Under Secretary of Agriculture for Natural Resources and Environment
- In office February 11, 2022 – January 20, 2025
- President: Joe Biden
- Preceded by: James E. Hubbard
- Succeeded by: Michael Boren

Personal details
- Born: Homer Lee Wilkes
- Spouse: Kim T. Burkhead (m. 1982)
- Children: 3
- Education: Jackson State University (BS, MBA, PhD)

Military service
- Branch/service: United States Navy
- Years of service: 1984–2007
- Unit: United States Navy Reserve

= Homer Wilkes =

American conservationist and government official

Homer Lee Wilkes is an American conservationist and government official from Mississippi. In 2021, Wilkes was nominated by President Joe Biden to serve as under secretary of agriculture for natural resources and environment. He served in this position until 2025.

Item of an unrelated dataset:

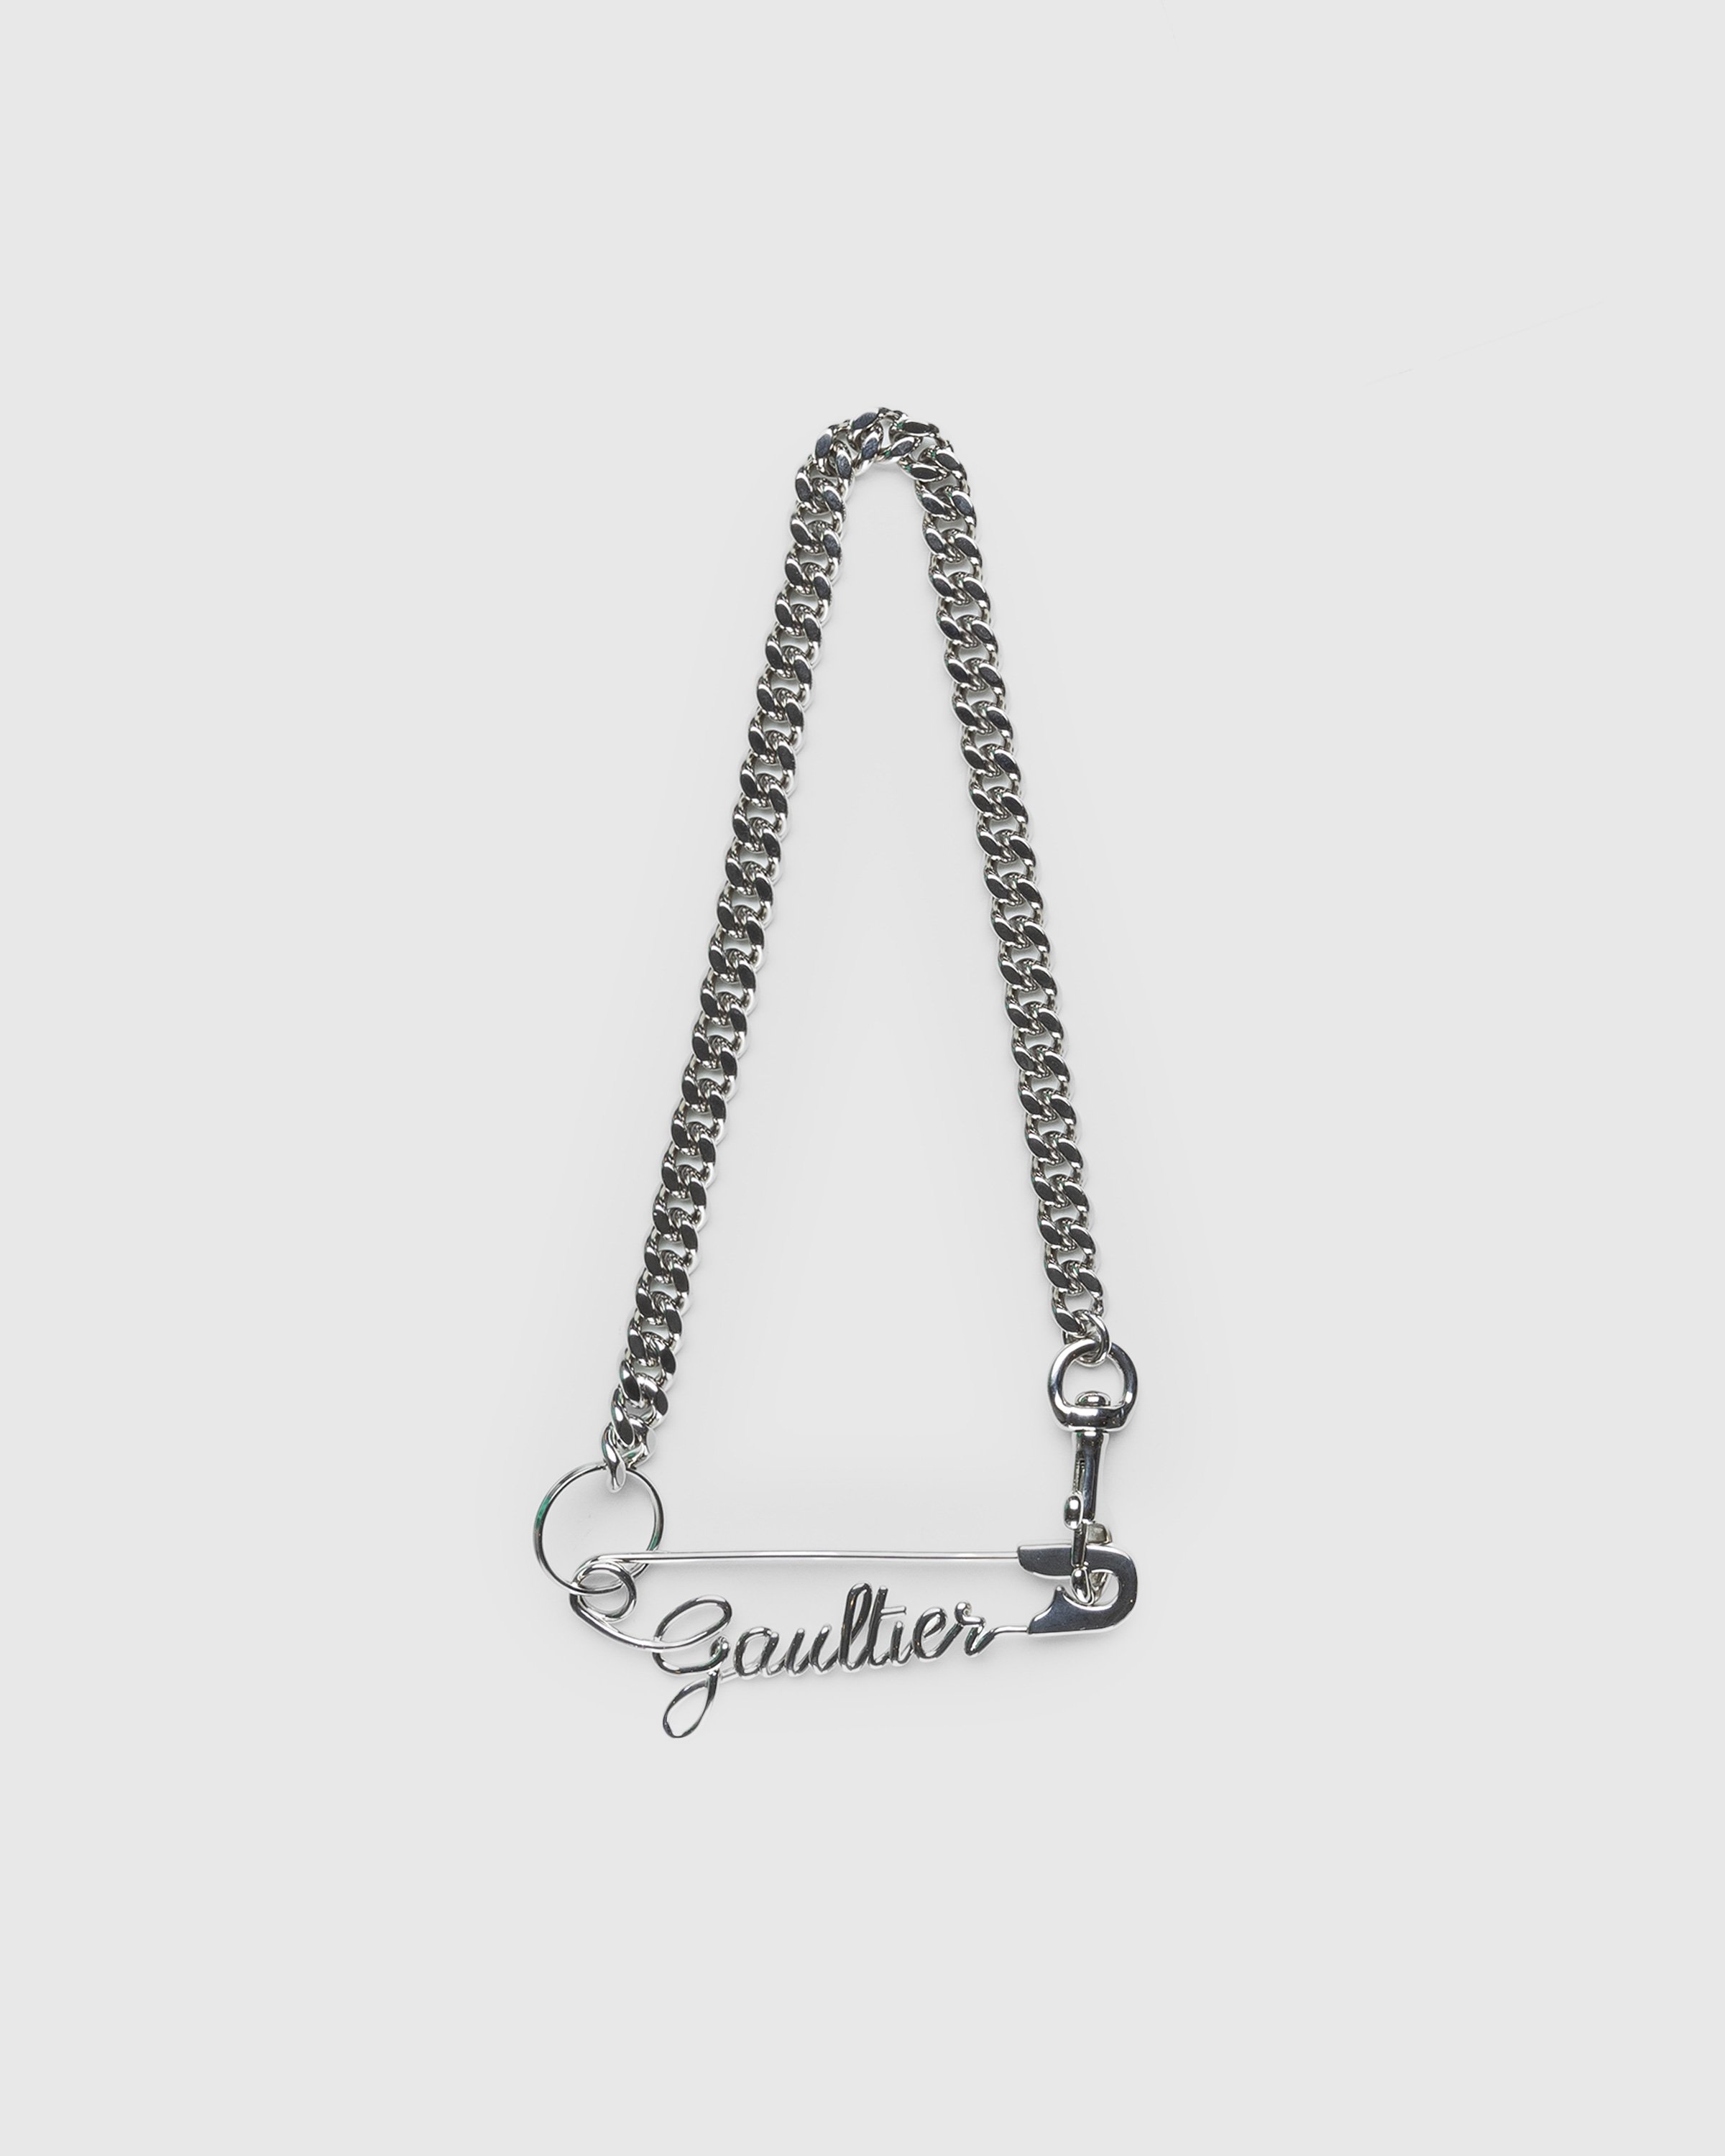 Jean Paul Gaultier - Safety Pin Gaultier Necklace Silver - Accessories - Silver - Image 1

== Early life and education ==
Wilkes is a native of Port Gibson, Mississippi. He earned a Bachelor of Science degree in business finance, Master of Business Administration, and PhD in urban higher education from Jackson State University.

== Career ==
From 1984 to 2007, Wilkes served as a supply officer in the United States Navy Reserve. During his career, Wilkes has served in the Natural Resources Conservation Service as acting CFO, acting associate agency chief, and Mississippi's state conservationist. From 2013 to 2022, Wilkes has worked as the director of the Gulf Coast Ecosystem Restoration Task Force.

=== Agriculture undersecretary nominations ===

==== 2009 ====
In 2009, Wilkes was nominated to serve as under secretary of agriculture for natural resources and environment. by then-President Barack Obama. Wilkes was the first African-American nominated to the position.

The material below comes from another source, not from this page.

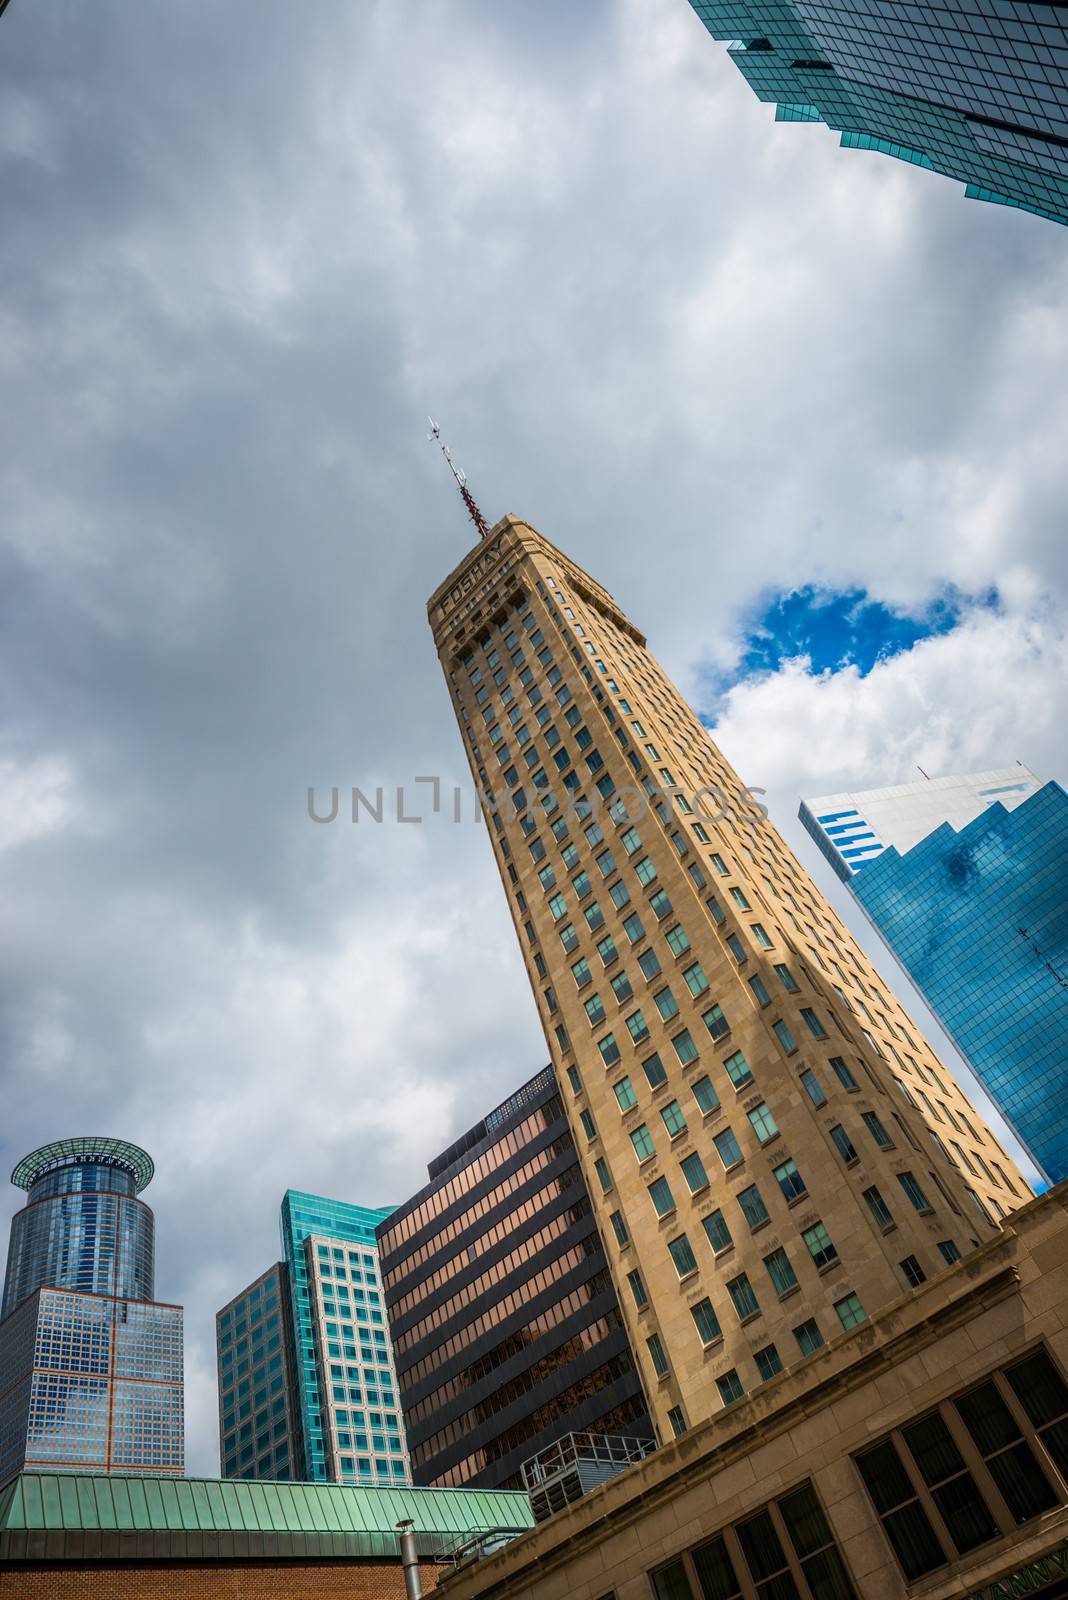 Foshay Tower of Minneapolis by IVYPHOTOS

According to The New York Times, Wilkes' nomination was praised by environmental conservation advocacy groups due to his work in the field of wetland restoration. However, in June 2009, Wilkes withdrew from consideration, citing his desire to remain in Mississippi with his family.

==== 2021 ====
In 2021, Wilkes was once again nominated to serve as Under Secretary for Natural Resources and Environment by President Joe Biden. His nomination was confirmed by the Senate on February 8, 2022, by a voice vote.

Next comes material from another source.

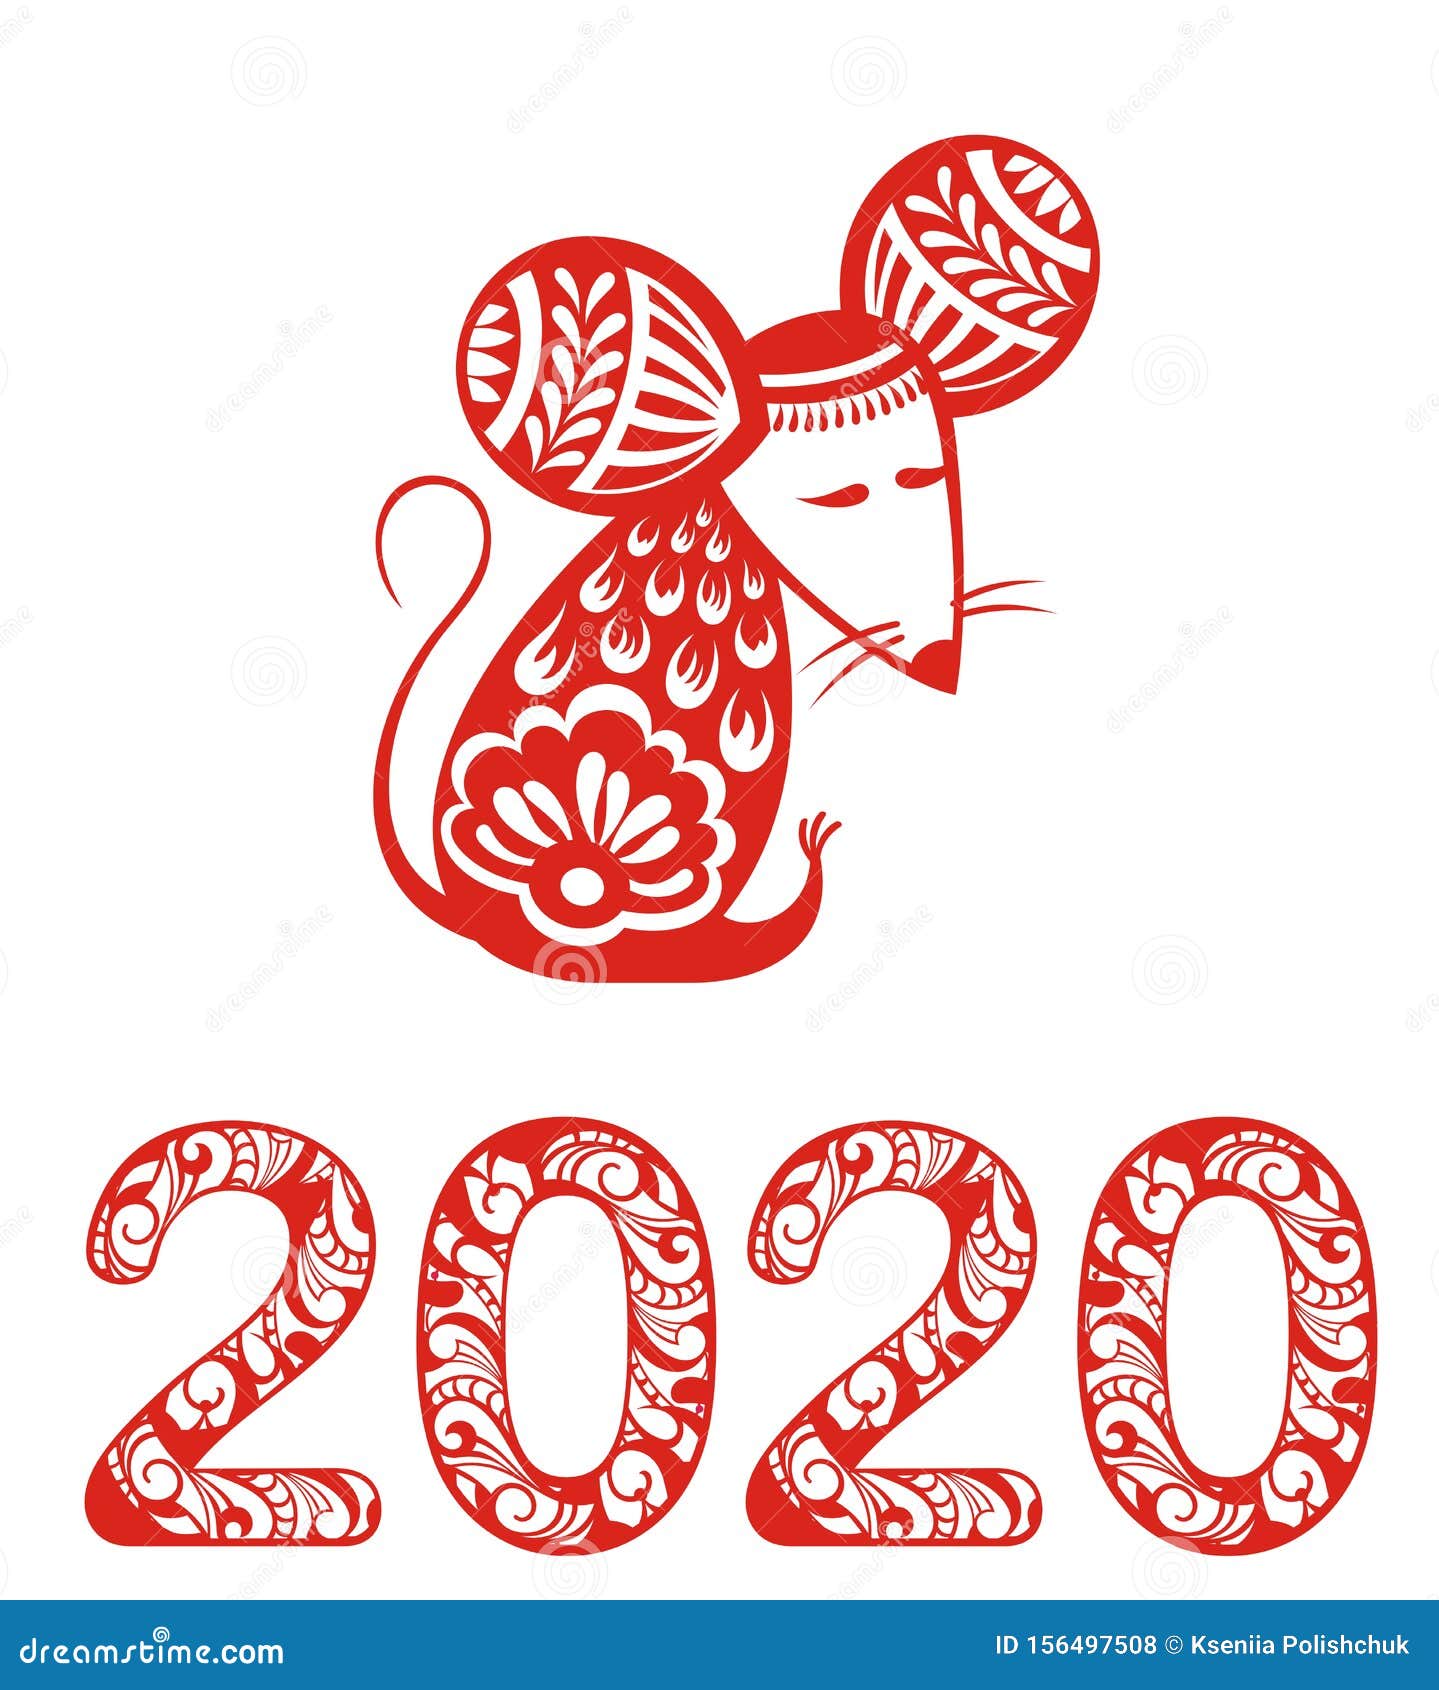 2020 Chinese New Year Greeting Card With Rat Silhouette Stock Vector - Illustration of ...1439 x 1689

Wilkes' nomination was praised by Secretary of Agriculture Tom Vilsack, who stated Wilkes' nomination proved the Department of Agriculture's "commitment to putting agriculture, forestry and working lands at the center of solutions to increase climate resilience, sequester carbon, protect our air and water." Senator Roger Marshall, a Republican from Kansas, stated he would vote in favor of Wilkes' nomination.